This phase I/II trial studies how well magnetic resonance imaging simulation works for the planning of radiation therapy compared to traditional planning with computed tomography (CT) scans in cancer patients. Radiation therapy uses high energy x-rays to kill tumor cells and shrink tumors. The use of magnetic resonance imaging during radiation simulation may improve outcomes and accuracy of treatment planning in cancer patients.
Study sponsor and potential other locations can be found on ClinicalTrials.gov for NCT04545957.
Locations matching your search criteria
United States
Massachusetts
Boston
Dana-Farber Cancer InstituteStatus: Active
Contact: Raymond H. Mak
Phone: 617-632-3591
Brigham and Women's HospitalStatus: Active
Contact: Raymond H. Mak
Phone: 617-632-3591
PRIMARY OBJECTIVES:
I. To determine feasibility of acquiring magnetic resonance imaging (MRI) simulation prior to radiation therapy planning. (Phase I)
II. To determine if adapting treatment based on MRI simulation improves patient-reported outcomes (PROMs) as compared to historically reported patient-reported outcome measures. (Phase II)
SECONDARY OBJECTIVE:
I. To evaluate tumor control. (Phase II)
II. Objectives per disease site subprotocol. (Phase II)
EXPLORATORY OBJECTIVES:
I. To investigate radiographic and biologic biomarkers predictive of response to radiation.
II. To evaluate cost-effectiveness, operational efficiency, and patient satisfaction with magnetic resonance (MR) simulation.
OUTLINE:
PHASE I: Patients undergo radiation therapy treatment planning and MRI and computed tomography (CT) simulation.

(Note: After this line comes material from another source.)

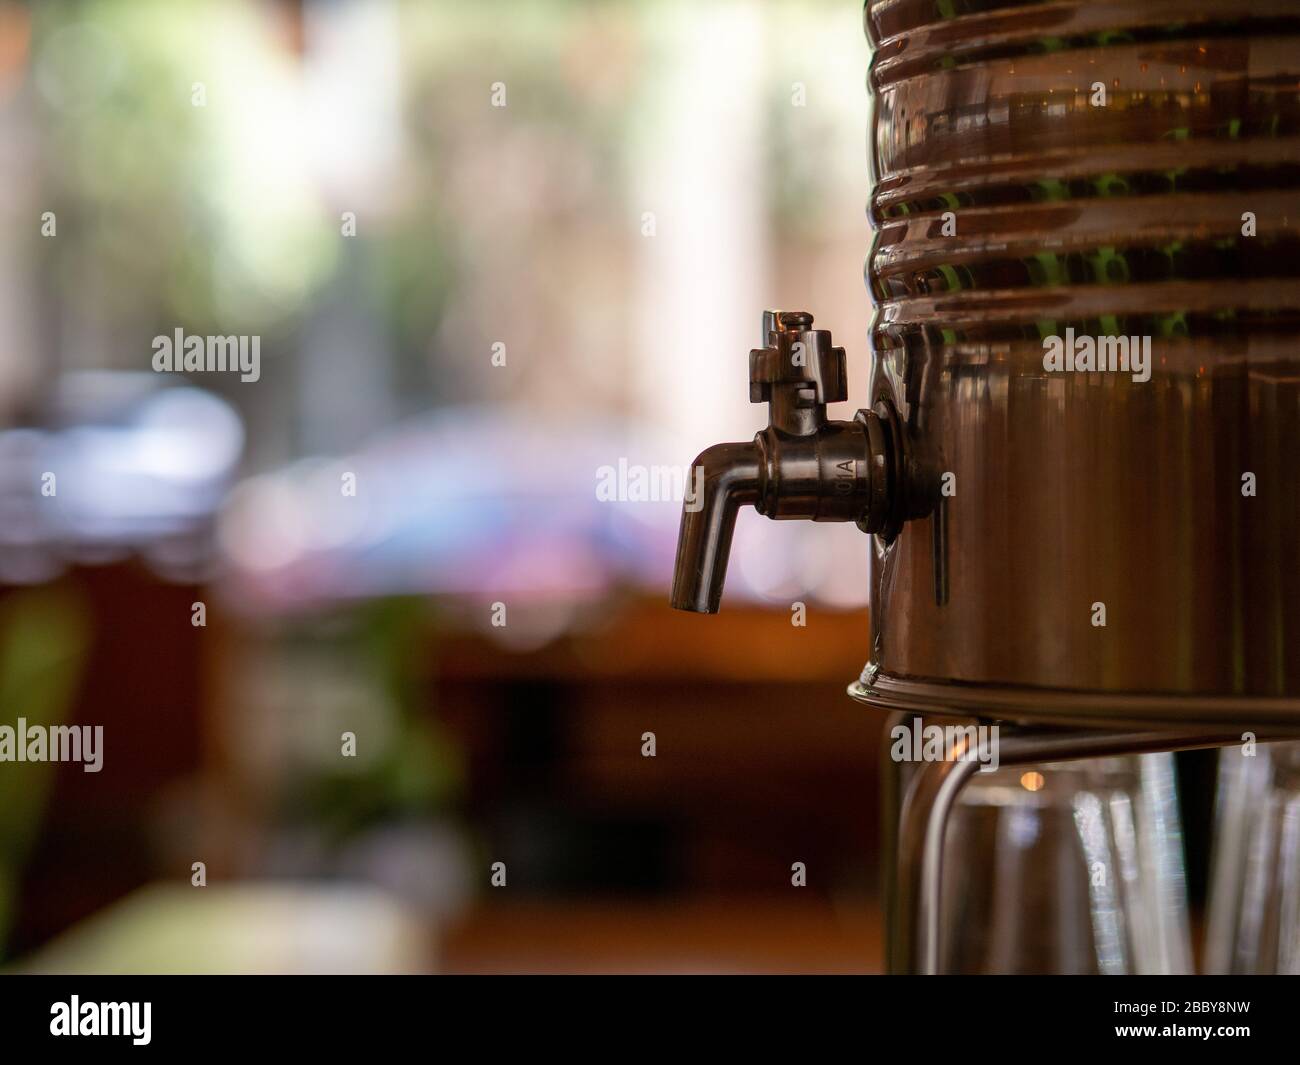 https://c8.alamy.com/comp/2BBY8NW/steel-water-cooler-with-manual-faucet-for-dispensing-drinking-water-2BBY8NW.jpg

Patients then undergo standard of care radiation therapy.
PHASE II: Patients are assigned to 1 of 2 tracks.
TRACK A: Patients undergo radiation therapy treatment planning and MRI simulation. Patients then undergo standard of care radiation therapy.
TRACK B: Patients undergo radiation therapy treatment planning and MRI and CT simulation. Patients then undergo standard of care radiation therapy based on MRI data such as biological imaging, either with dose painting or adjusting target margins.
After completion of study treatment, patients are followed up periodically.